Сейчас, лежа на соломенном матраце, он какой уже раз перебирал в памяти все события. Правду говорят, что уж если не повезет, то не повезет. Отчетливо запомнился тот день, когда к нему пришел старший лейтенант милиции Акимов, уселся на пороге и начал говорить. Он не все понял из того, что говорил друг, разобрал только главное: что ему нельзя больше работать, потому что после болезни пропало его основное качество — обоняние и по состоянию здоровья его списали из уголовного розыска. Наверное, так думал — а он наверняка все понимал и умел думать — этот огромный служебно-розыскной пес Амур.
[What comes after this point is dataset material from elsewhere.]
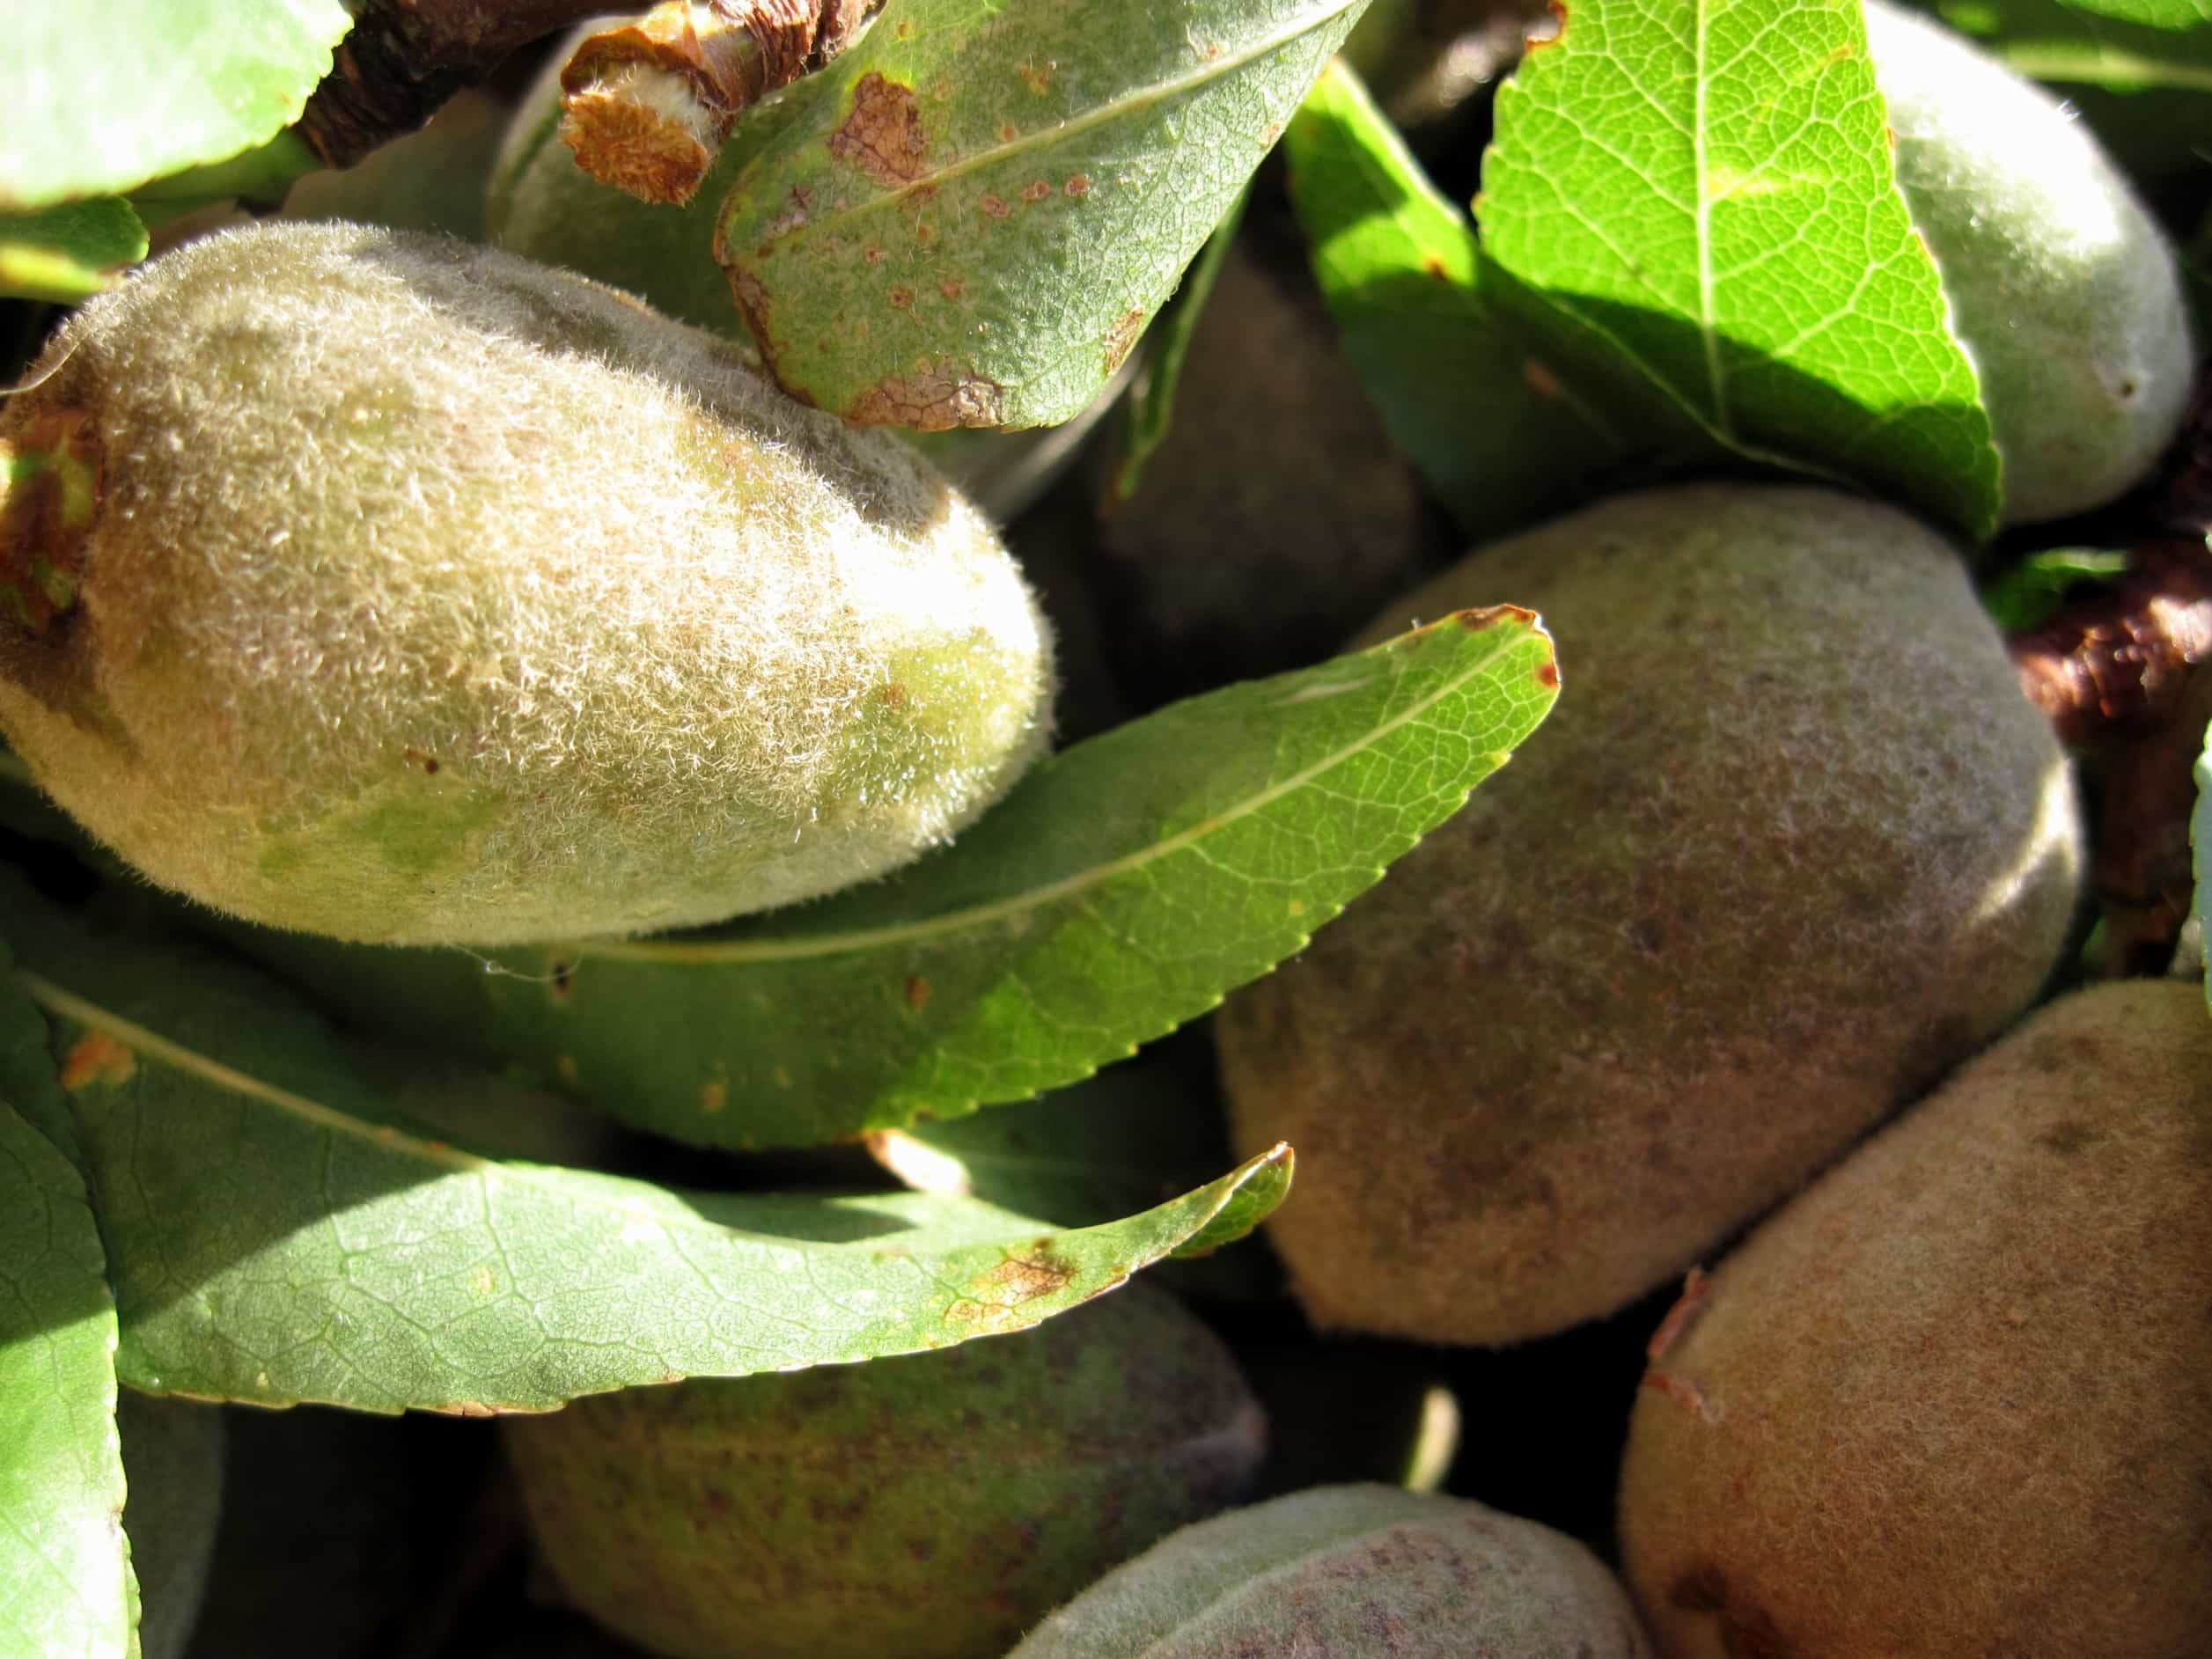 kostenlose bild blatt essen flora natur obst kiwi baum. Black Bedroom Furniture Sets. Home Design Ideas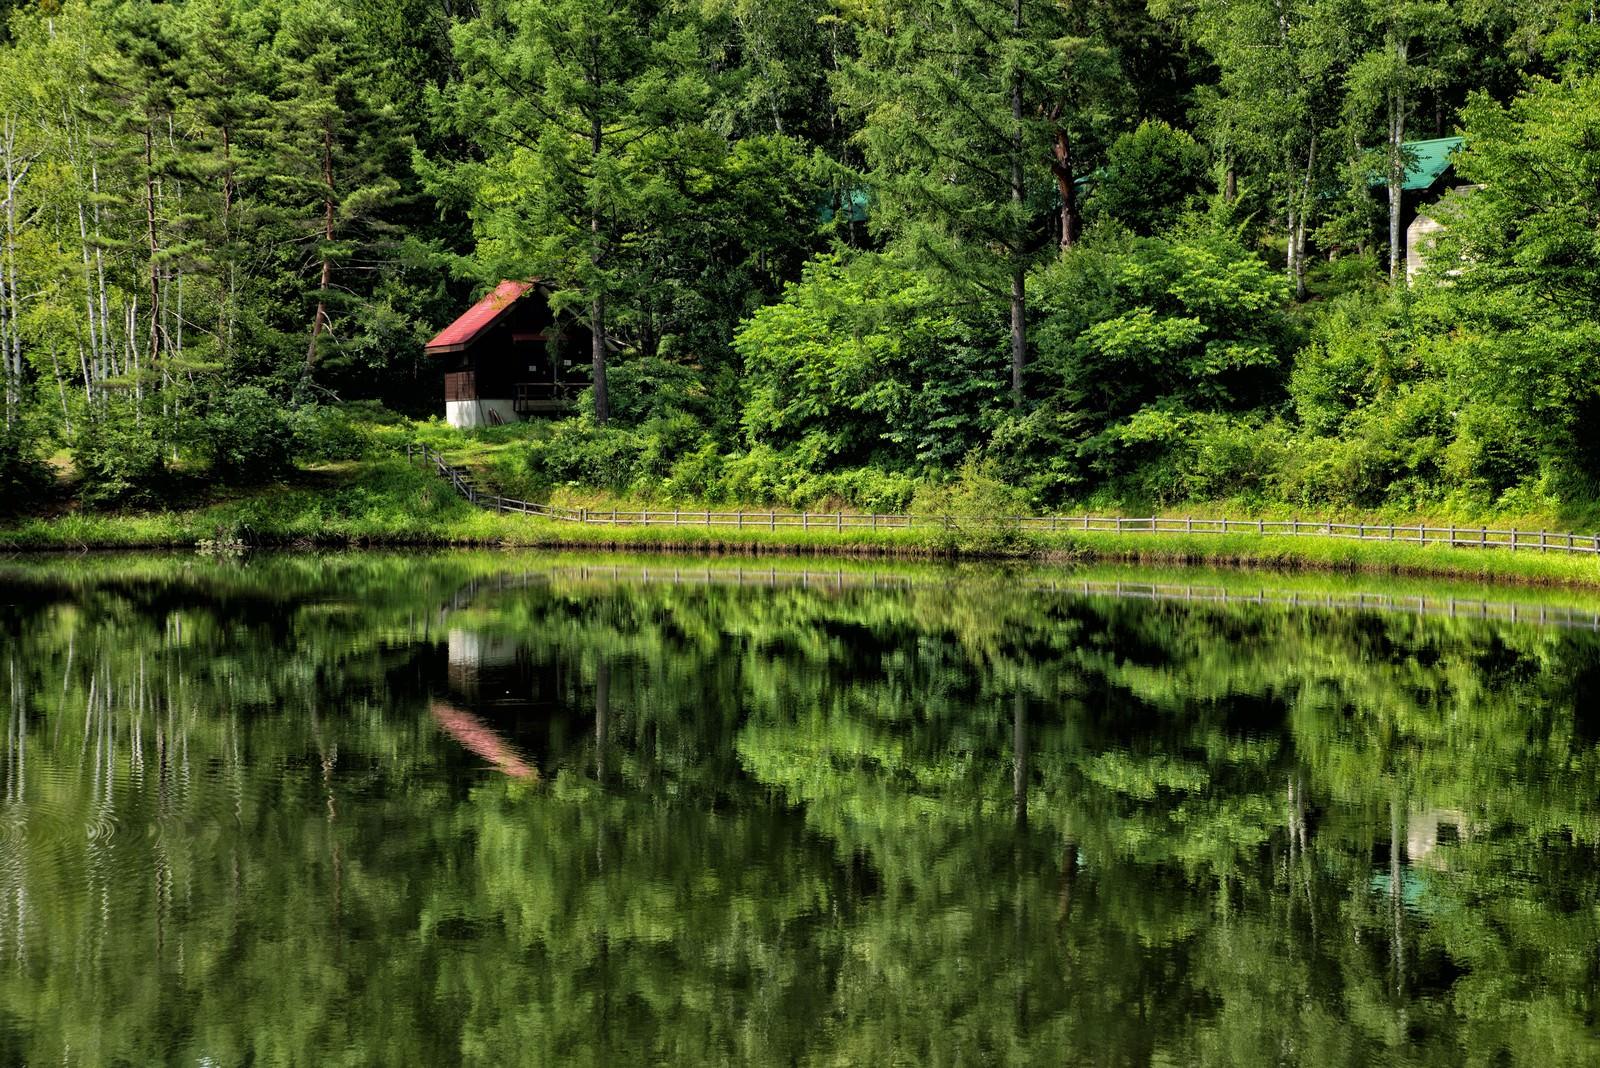 「タカソメキャンプ場のロッジが水面に写る風景」の写真

В этот день Амур слушал Акимова внимательно, а тот говорил и украдкой смахивал слезу; говорил, что никогда не забудет Амура, что теперь у него уже не будет такого умного и добросовестного помощника, что ему пришлось взять другую собаку, так как он проводник, а проводнику нельзя без собаки. И он, Акимов, еще не знает, что получится из этого нового помощника. Перебирая парадный ошейник, сплошь увешанный медалями и жетонами, друг рассматривал их, как будто раньше никогда не видал, брал в руки медаль, смотрел и вспоминал, где они ее заработали. А Амуру нечего было вспоминать, он все их помнил наперечет. Несколько были за красоту шерсти и фигуру, как говорится, за экстерьер, но большая часть — за состязания. Любил Амур эти состязания. Ему нравилось гордо пройти по рингу перед публикой и судьями и нравилось идти впереди других собак. Команды он тогда выполнял особенно четко, с удовольствием, а когда разрешалось проявить инициативу, то с особой сноровкой показывал все, что знал. Так было до болезни. Но когда Амур заболел, не помогли ни врачи, ни лекарства, хотя в питомнике очень хороший врач — Галина Викторовна. Она поднимала на ноги почти издыхающих собак. Все помнят, как года три назад ранили Ладу, красивую восточноевропейскую овчарку с дымчатой шерстью, стройную и очень умную. Она пошла на задержание вооруженного бандита, ловко схватила крепкими зубами руку с пистолетом, но не заметила, что в другой у преступника был нож, и бандит ударил Ладу ножом. Проводник привез ее в питомник полуживую. Ох и переполох тогда поднялся! Начальник питомника и проводники разволновались, а собаки устроили такой лай, что их едва усмирили. Галина Викторовна спасла Ладу, сделала операцию, потом носилась с ней, как с малым щенком. Амур вместе с Акимовым навещал больную. Лада выздоровела и снова начала работать. Амур встречался с ней изредка: то на тренировочной площадке, то в машине, когда везли на дежурство, и даже пытался ухаживать, но красавица Лада несколько раз ласково куснула его и отвергла случайные знакомства. А вот Амуру врач не помогла, хотя и поила всякой гадостью, делала уколы.